Data extract:
####################

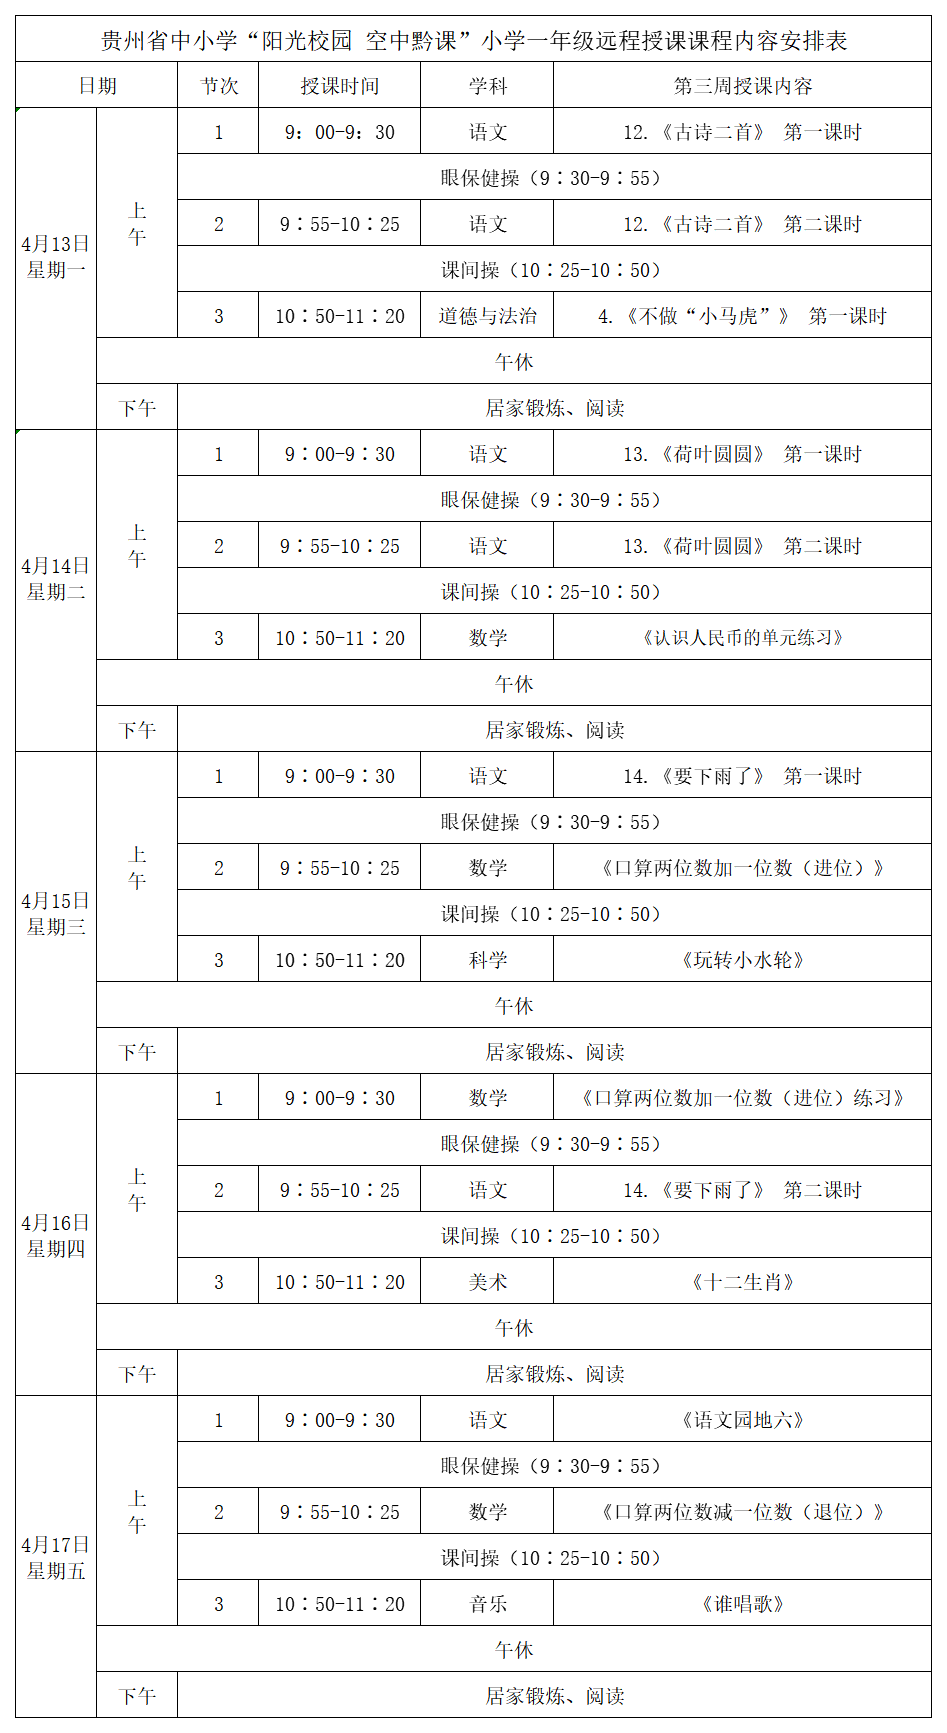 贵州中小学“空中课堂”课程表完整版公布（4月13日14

####################

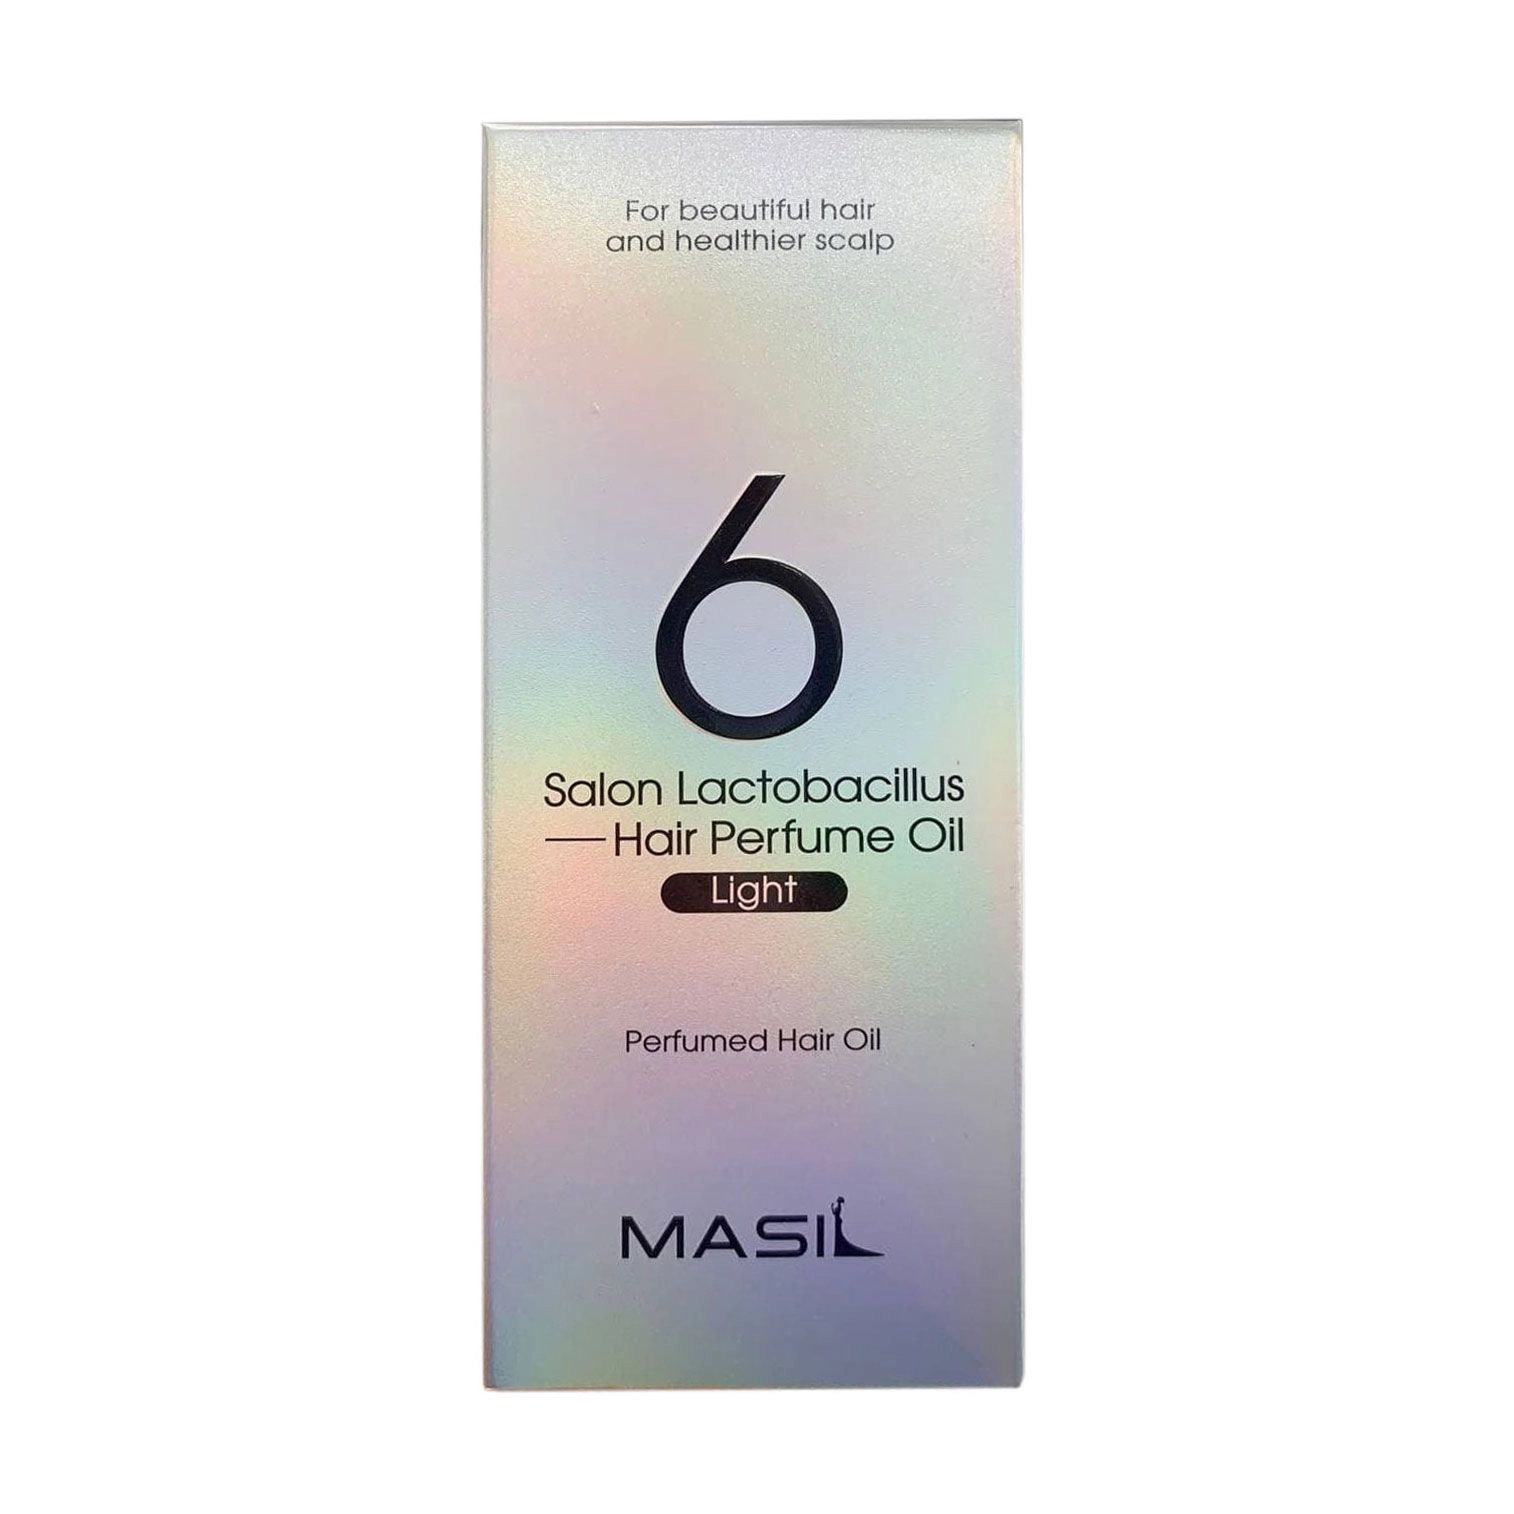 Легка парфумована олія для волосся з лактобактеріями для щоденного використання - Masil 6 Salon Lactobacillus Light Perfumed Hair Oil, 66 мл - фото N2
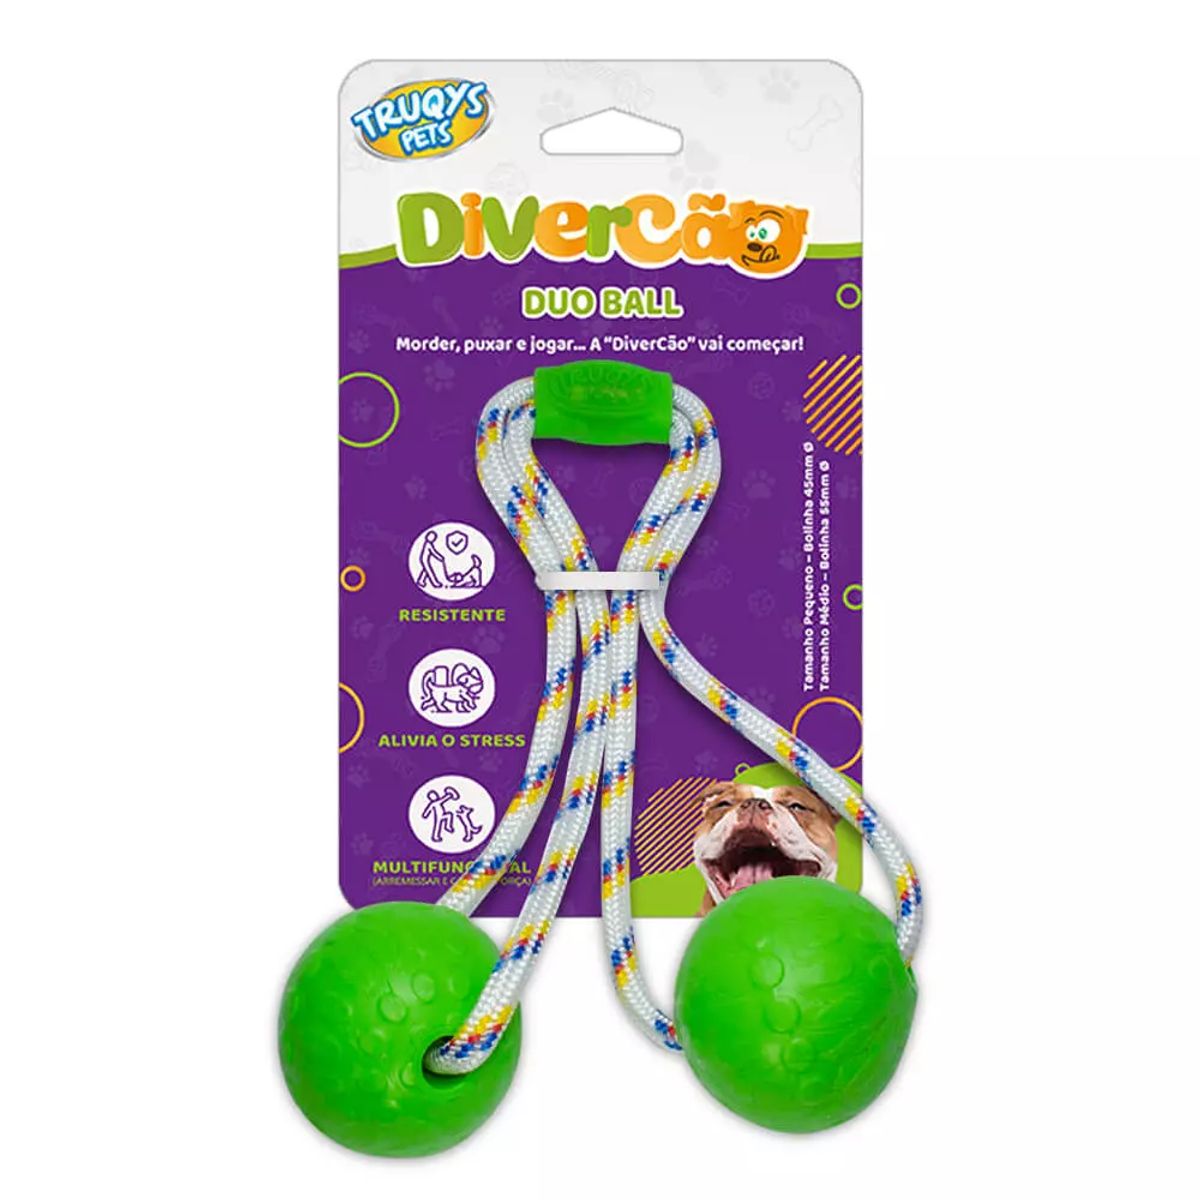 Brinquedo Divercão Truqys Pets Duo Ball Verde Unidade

####################

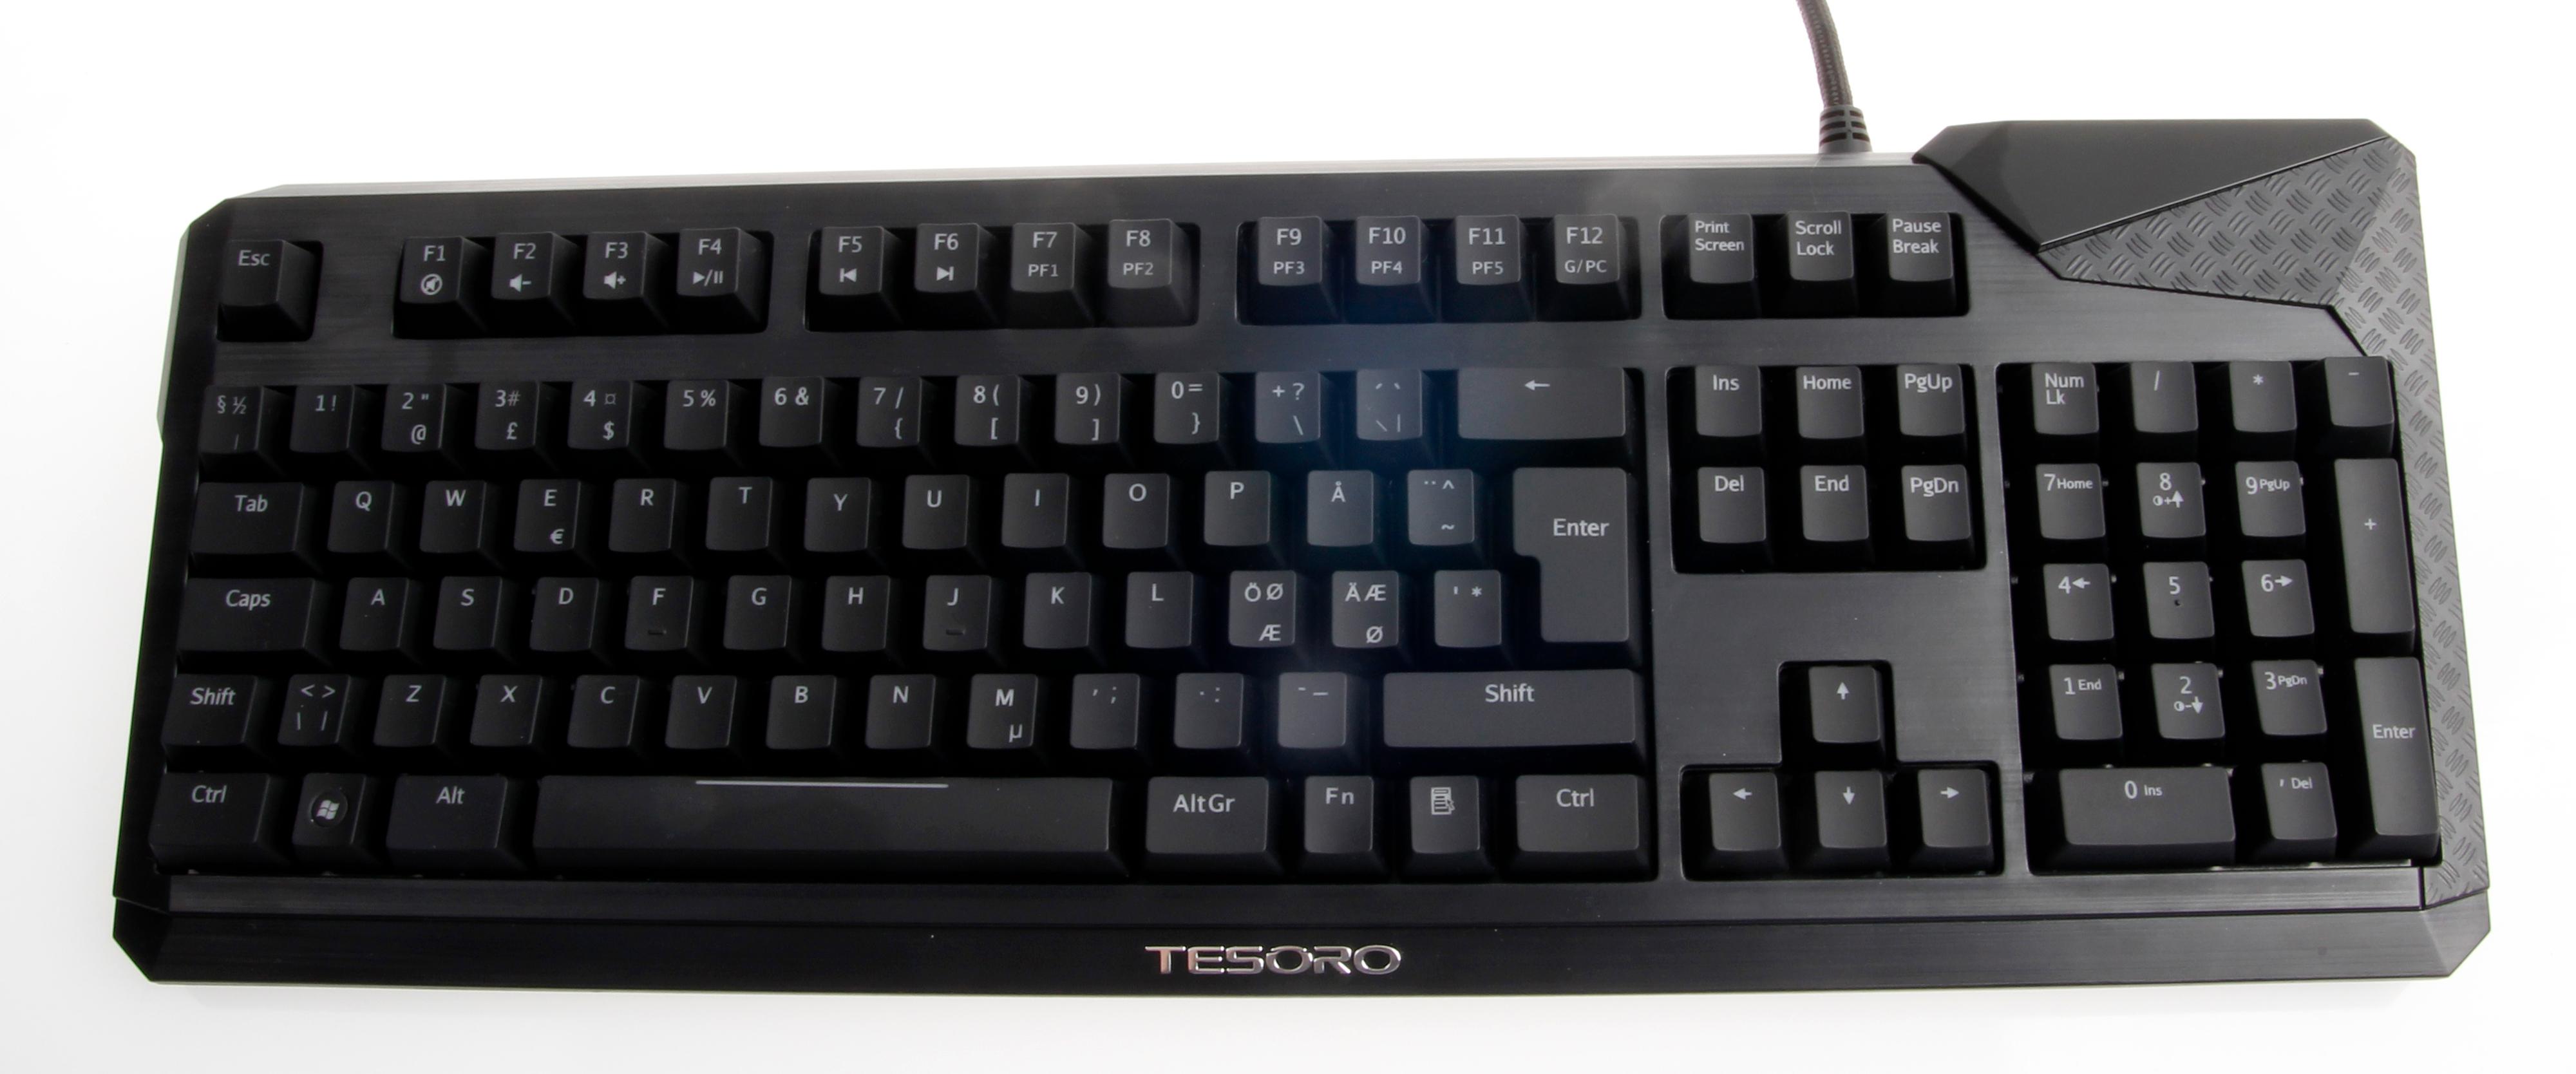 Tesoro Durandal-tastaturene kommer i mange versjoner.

####################

Exercise: Starting at the line containing "Легка парфумована олія" and stopping at the line containing "Brinquedo Divercão Truqys", output every line above exactly, both ends included, with pictures omitted.

Task output:
 Легка парфумована олія для волосся з лактобактеріями для щоденного використання - Masil 6 Salon Lactobacillus Light Perfumed Hair Oil, 66 мл - фото N2
 Brinquedo Divercão Truqys Pets Duo Ball Verde Unidade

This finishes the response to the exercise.